After transformation, we can properly interpret:
- For each 1-unit increase in the original feature, the log-odds increase by $\beta_{1,orig}$
- When the original feature equals zero, the log-odds equal $\beta_{0,orig}$

This manual transformation ensures we maintain the statistical benefits of standardization during model training while enabling interpretable coefficients in the original units.

In [None]:
# Get the scaling parameters from the scaler
# first index, only one feature
std_dev_balance = scaler.scale_[0]
mean_balance = scaler.mean_[0]

# Convert the coefficient back to the original scale
coef_original = model.coef_[0][0] / std_dev_balance

# Convert the intercept back to the original scale
intercept_original = model.intercept_[0] - (model.coef_[0][0] * mean_balance / std_dev_balance)

print(f"Standard deviation of balance: {std_dev_balance:.4f}")
print(f"Mean of balance: {mean_balance:.4f}")
print(f"Coefficient in original scale: {coef_original:.4f}")
print(f"Intercept in original scale: {intercept_original:.4f}")
print(f"For every $1 increase in balance, log-odds of default increases by {coef_original:.4f}")
print(f"The log-odds of default when balance = 0 is {intercept_original:.4f}")

# The equation in the original scale would be:
print("\nLogistic regression equation in original scale:")
print(f"log-odds(default) = {intercept_original:.4f} + {coef_original:.4f} × balance")

These results are close to those obtained by ISL (-10.6513 + 0.0055 x balance). The difference in the intercept could come down to some combination of the splitting method, randomization, precision limits, and optimization method used.

## Multiple Logistic Regression

Also, introducing SKL pipelines.

In [None]:
# Import necessary libraries
from sklearn.model_selection import train_test_split
from sklearn.preprocessing import StandardScaler, OneHotEncoder
from sklearn.compose import ColumnTransformer
from sklearn.pipeline import Pipeline

# Identify categorical and numerical columns
categorical_cols = ['student']
numerical_cols = ['balance', 'income']

# Create preprocessor for mixed data types
preprocessor = ColumnTransformer(
    transformers=[
        ('num', StandardScaler(), numerical_cols),
        ('cat', OneHotEncoder(drop='first'), categorical_cols)
    ])

# Create a pipeline with preprocessing and logistic regression
model_pipeline = Pipeline(steps=[
    ('preprocessor', preprocessor),
    ('classifier', LogisticRegression(random_state=42))
])

# Prepare X and y
X = default[numerical_cols + categorical_cols]
y = (default['default'] == 'Yes').astype(int)

# Split the data
X_train, X_test, y_train, y_test = train_test_split(
    X, y, test_size=0.3, random_state=42)

# Fit the model pipeline
model_pipeline.fit(X_train, y_train)

# Make predictions
y_pred = model_pipeline.predict(X_test)
y_pred_prob = model_pipeline.predict_proba(X_test)[:, 1]

# Evaluate the model
print("Confusion Matrix:")
cm = confusion_matrix(y_test, y_pred)
print(cm)

print("\nClassification Report:")
print(classification_report(y_test, y_pred))
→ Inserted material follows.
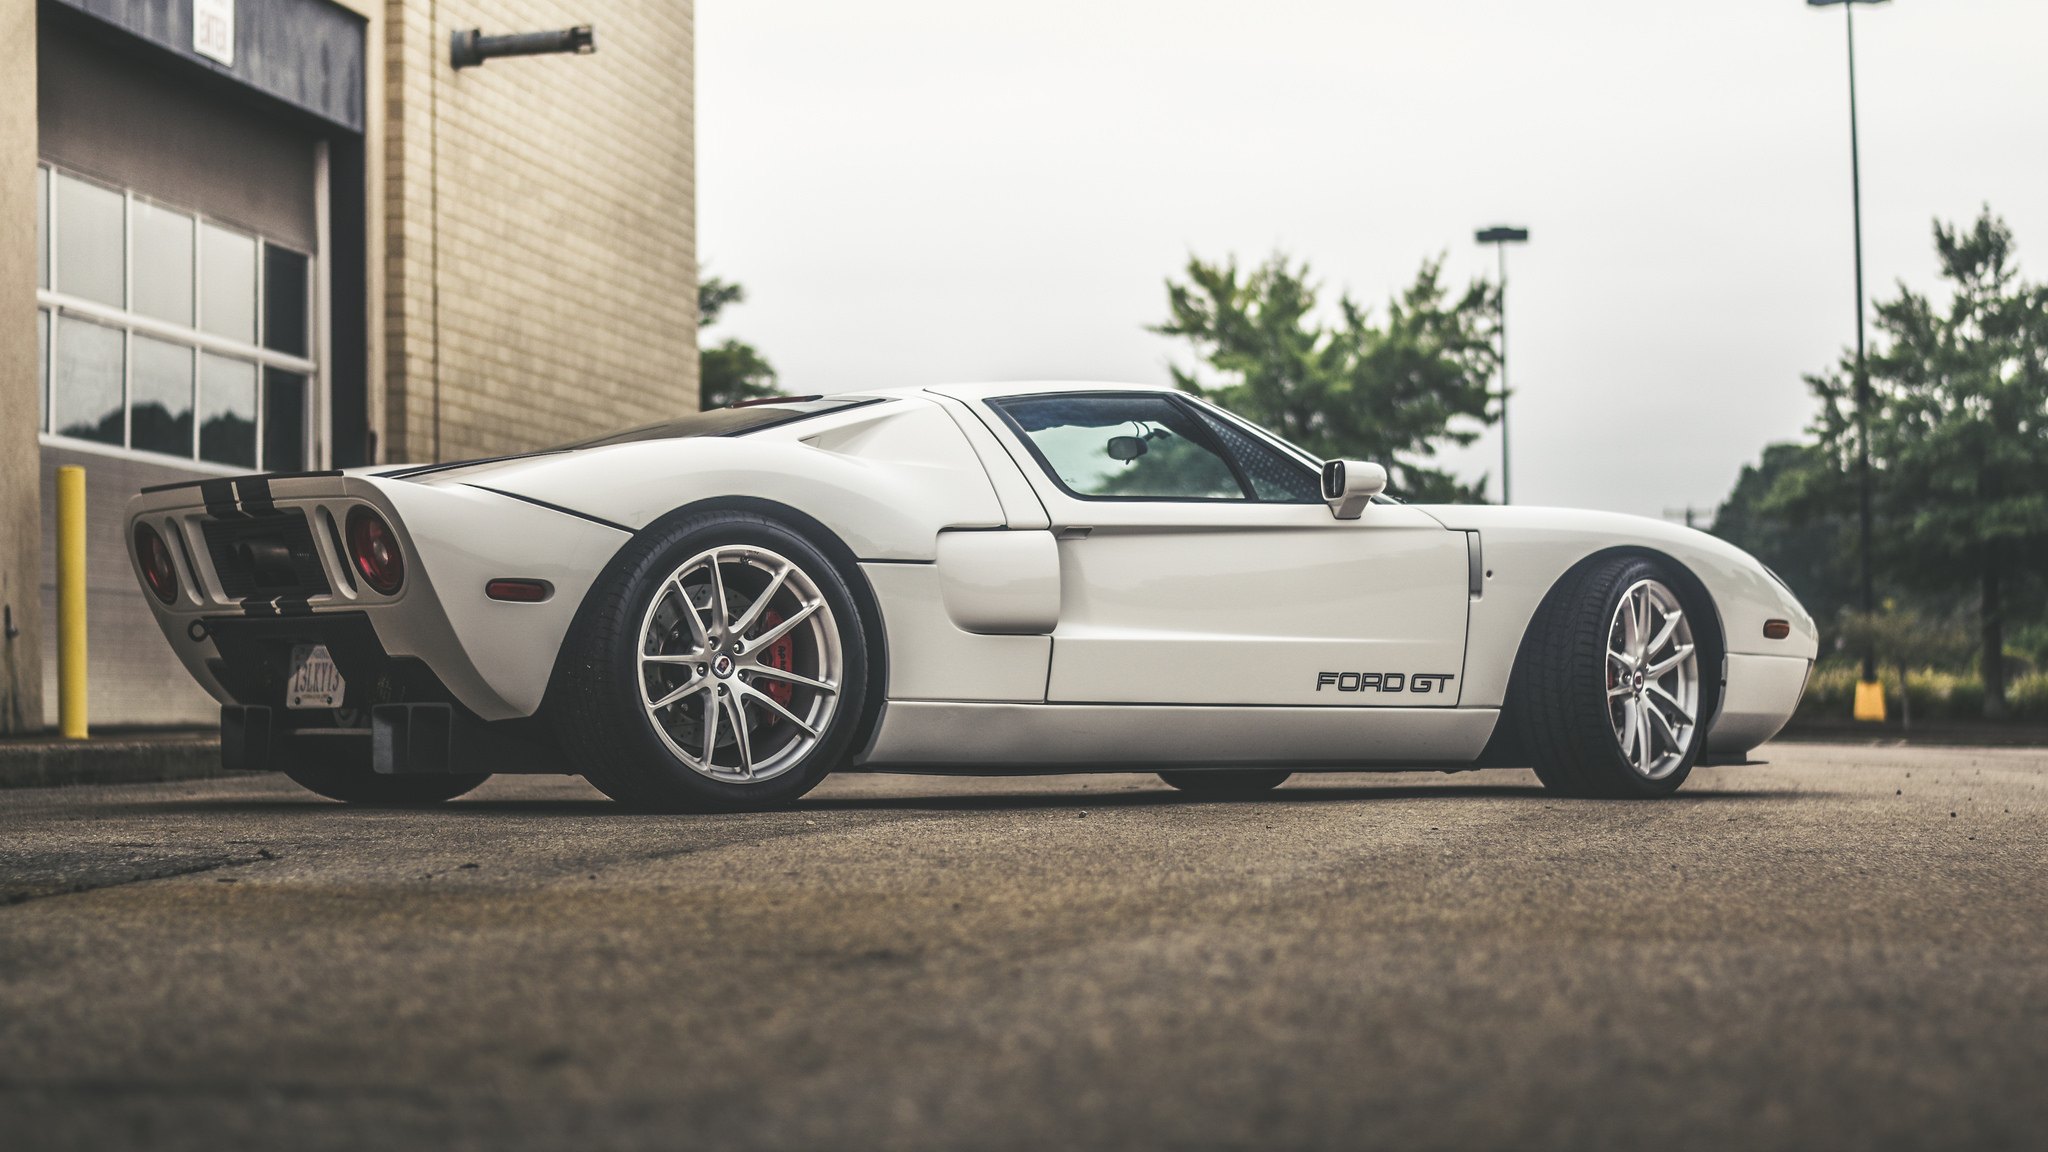 HRE Wheels with Red Brakes on White Ford GT - Photo by HRE Wheels
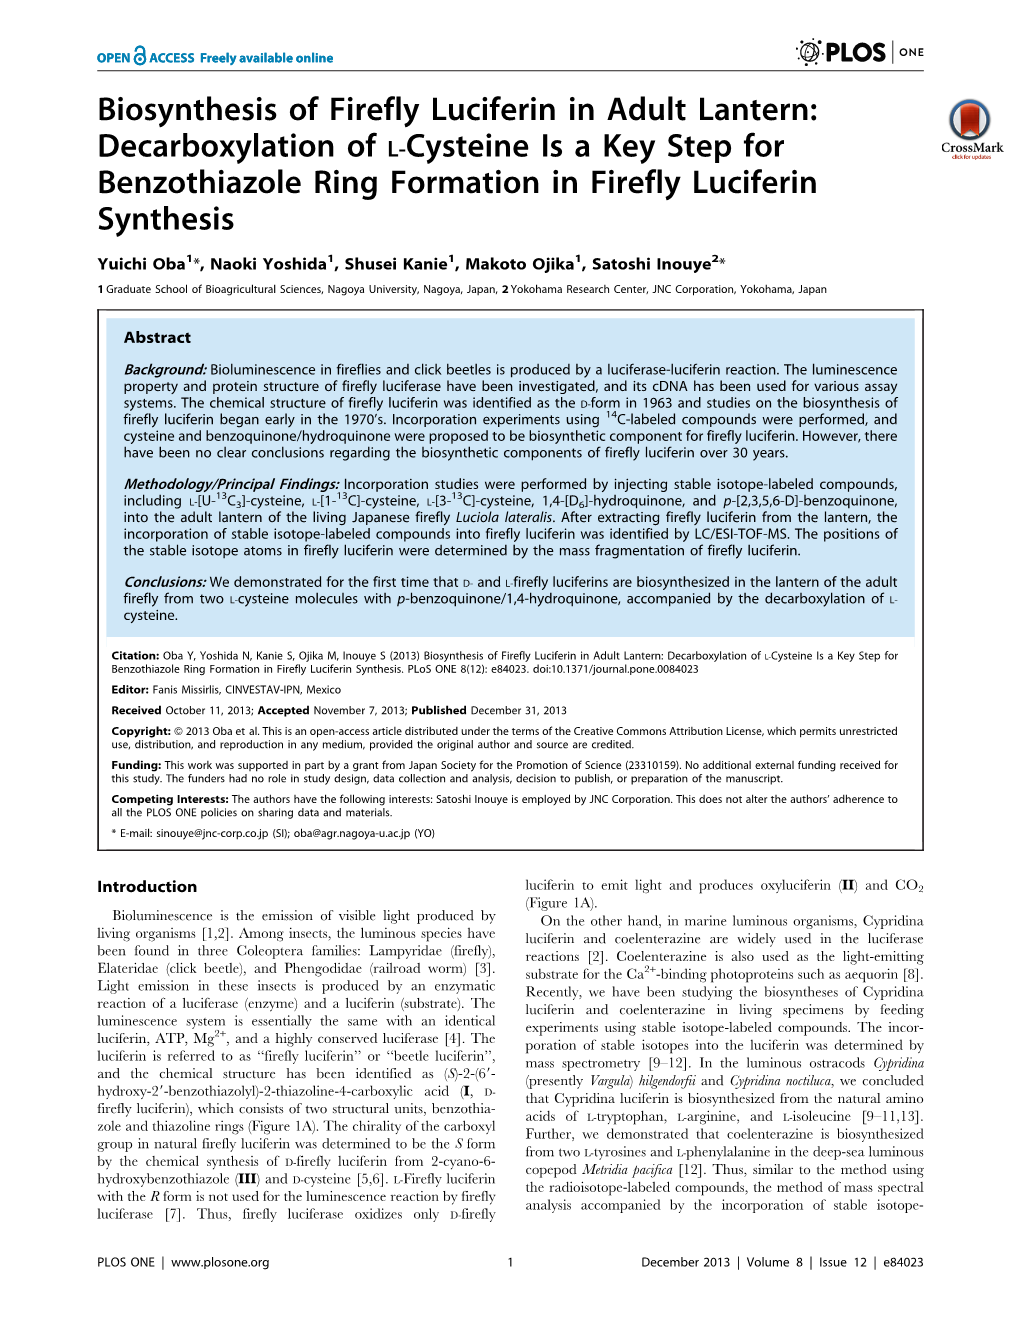 Decarboxylation of L-Cysteine Is a Key Step for Benzothiazole Ring Formation in Firefly Luciferin Synthesis

# Extract and interpret coefficients
# Get the column names after one-hot encoding
encoded_feature_names = numerical_cols + ['student_Yes']

# Get the coefficients from the model
coefficients = model_pipeline.named_steps['classifier'].coef_[0]

# Create a DataFrame to display the coefficients
coef_df = pd.DataFrame({
    'Feature': encoded_feature_names,
    'Coefficient': coefficients
})

print("\nModel Coefficients:")
print(coef_df)

# Calculate the intercept in original scale
intercept = model_pipeline.named_steps['classifier'].intercept_[0]
print(f"\nIntercept: {intercept:.4f}")


Note: only one prediction changes from FN to TP.